Al Wong graduated with an MFA in 1971 from San Francisco Art Institute, and is now a professor there. This piece installed in 1994 of Ceramic Frit Marquee Glass is owned by the City of San Francisco and was Commissioned by the SF Art Commission for the San Francisco Fire Department.
This mural entitled “No One is Illegal” is by Laura Campos. Laura was born in Mexico and grew up in Texas. While young, and not yet legal she was called an illegal alien on a regular basis. When she did become legal she was still called an “alien”. This is the reason she tends to paint aliens. Her work has helped her work through her feelings for that word.

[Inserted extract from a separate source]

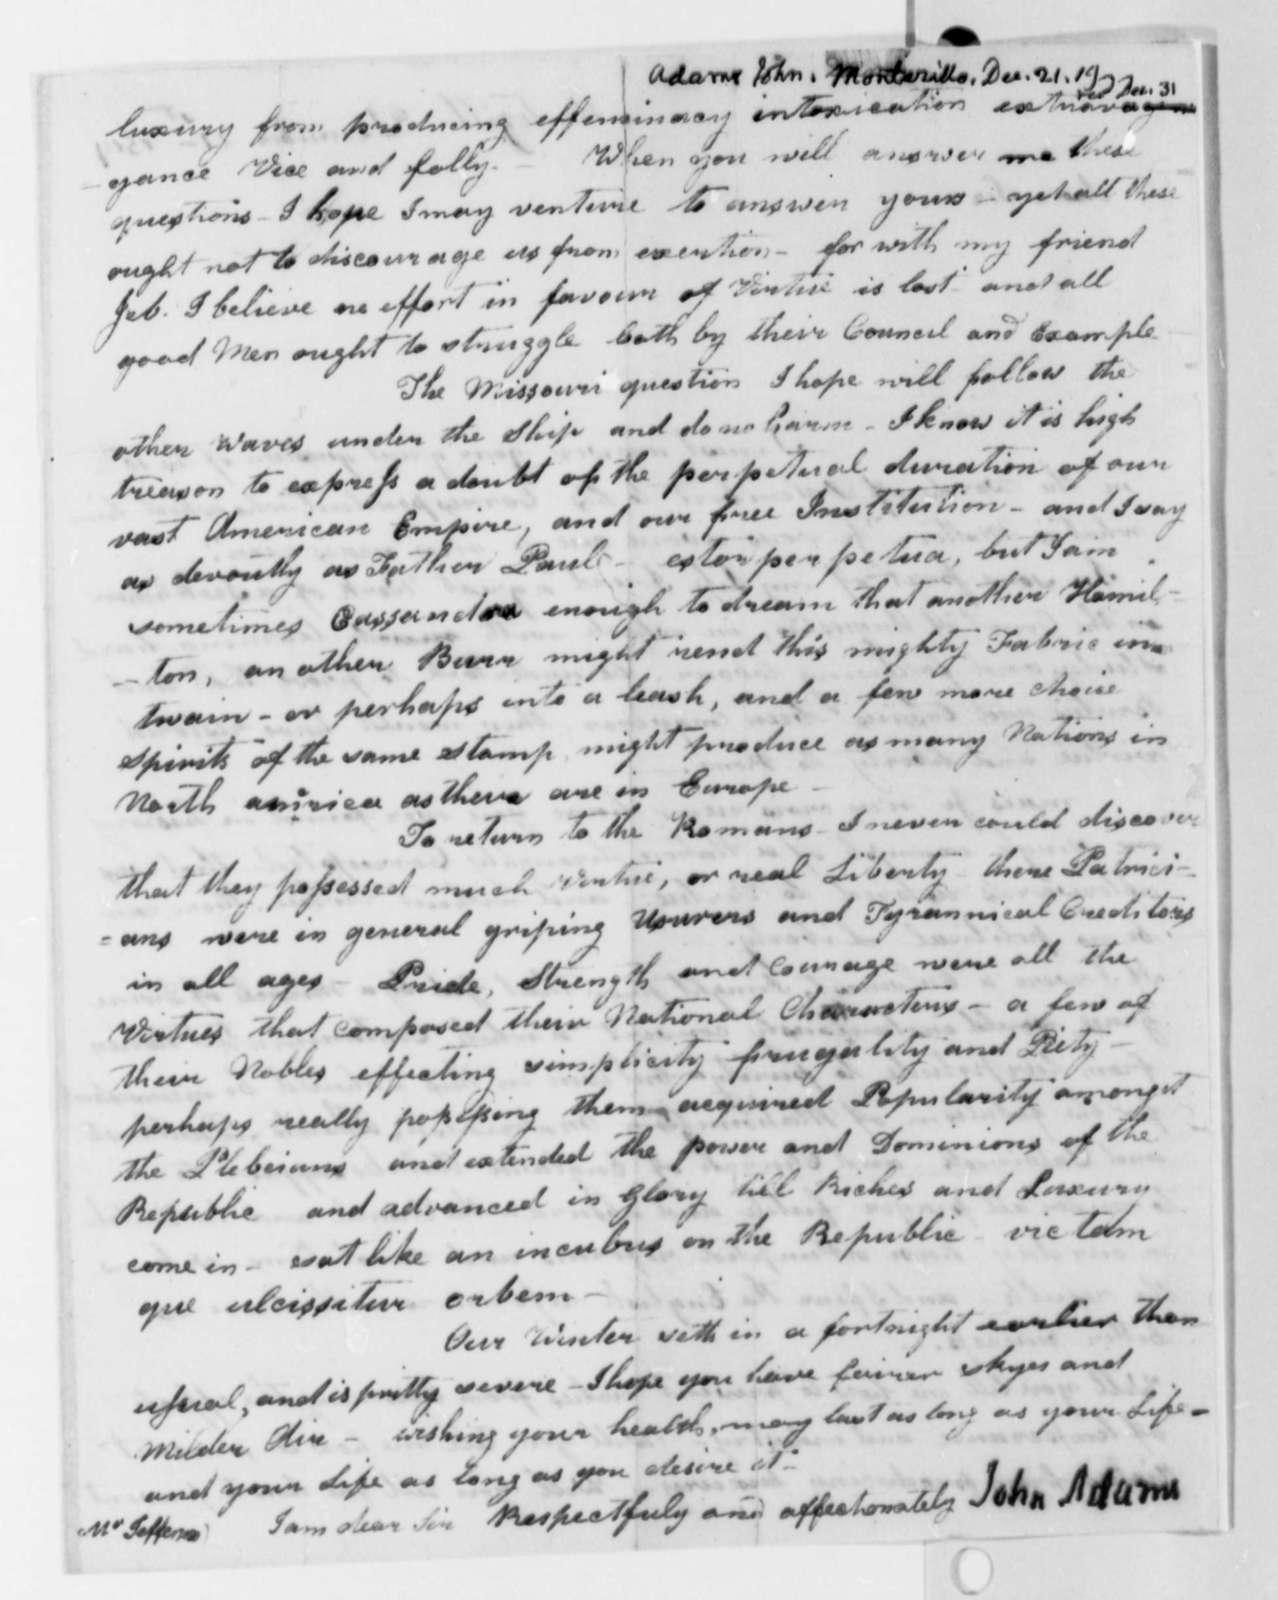 John Adams to Thomas Jefferson, December 21, 1819
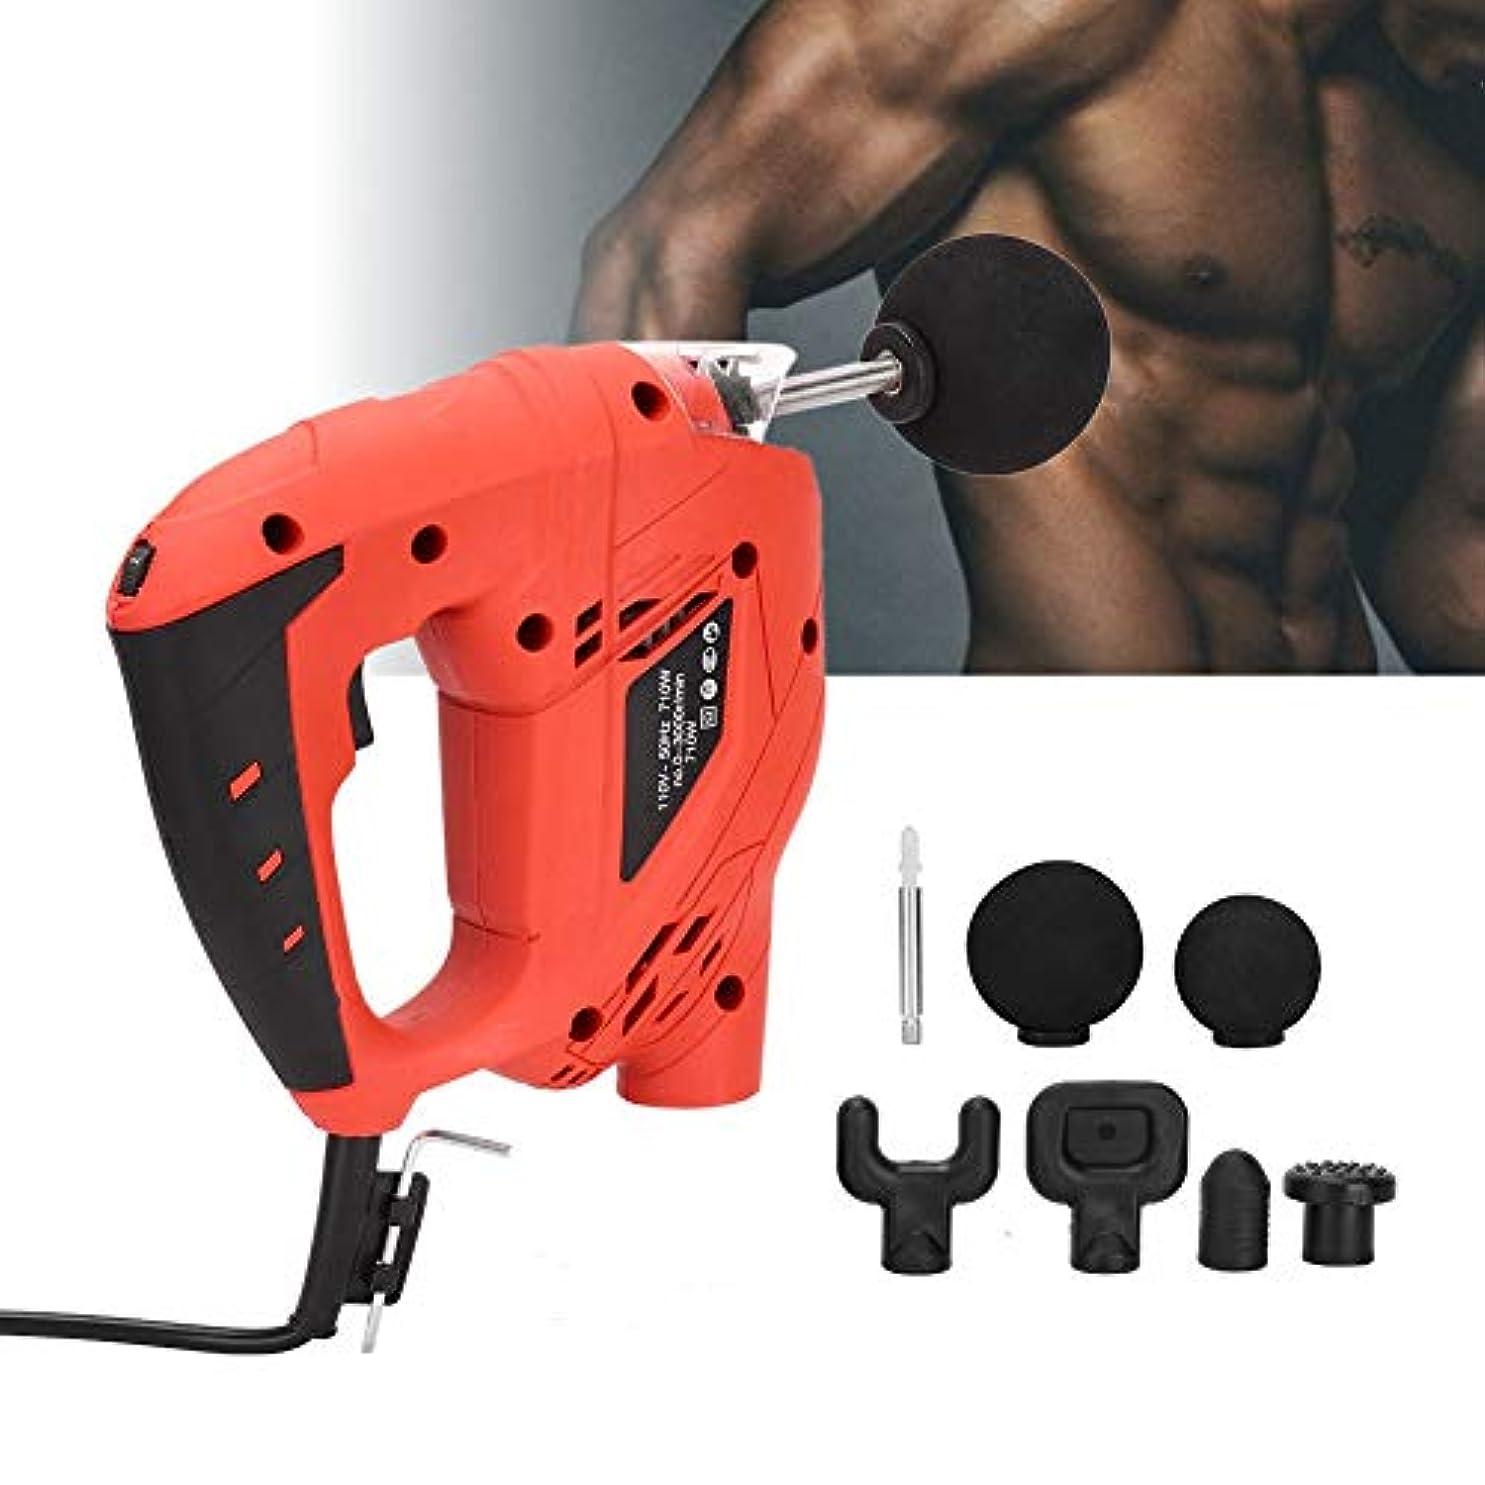 想起視聴者バレル筋肉マッサージ銃、調整可能な速度を備えたプロのハンドヘルド振動マッサージ装置、電動フルボディ筋肉マッサージ機器(US)

She does not use spray paint, and the brushes she uses are exceptionally small so all her work takes a very long time. She worked well over three weeks on this particular one. She doesn’t seem to mind the time, she loves to talk to neighbors and people walking past just to get their input. I spoke with her, she does love to talk, she is absolutely delightful and full of life.


This was done in 2008, and is showing it’s age. But the elegance of it is worth showing, even in its present state.
Swoon is a street artist originally from Daytona Beach, Florida. She moved to New York City at age nineteen, and specializes in life-size wheatpaste prints and paper cutouts of figures. Swoon, real name Caledonia Dance Curry, studied painting at the Pratt Institute in Brooklyn and started doing street art around 1999.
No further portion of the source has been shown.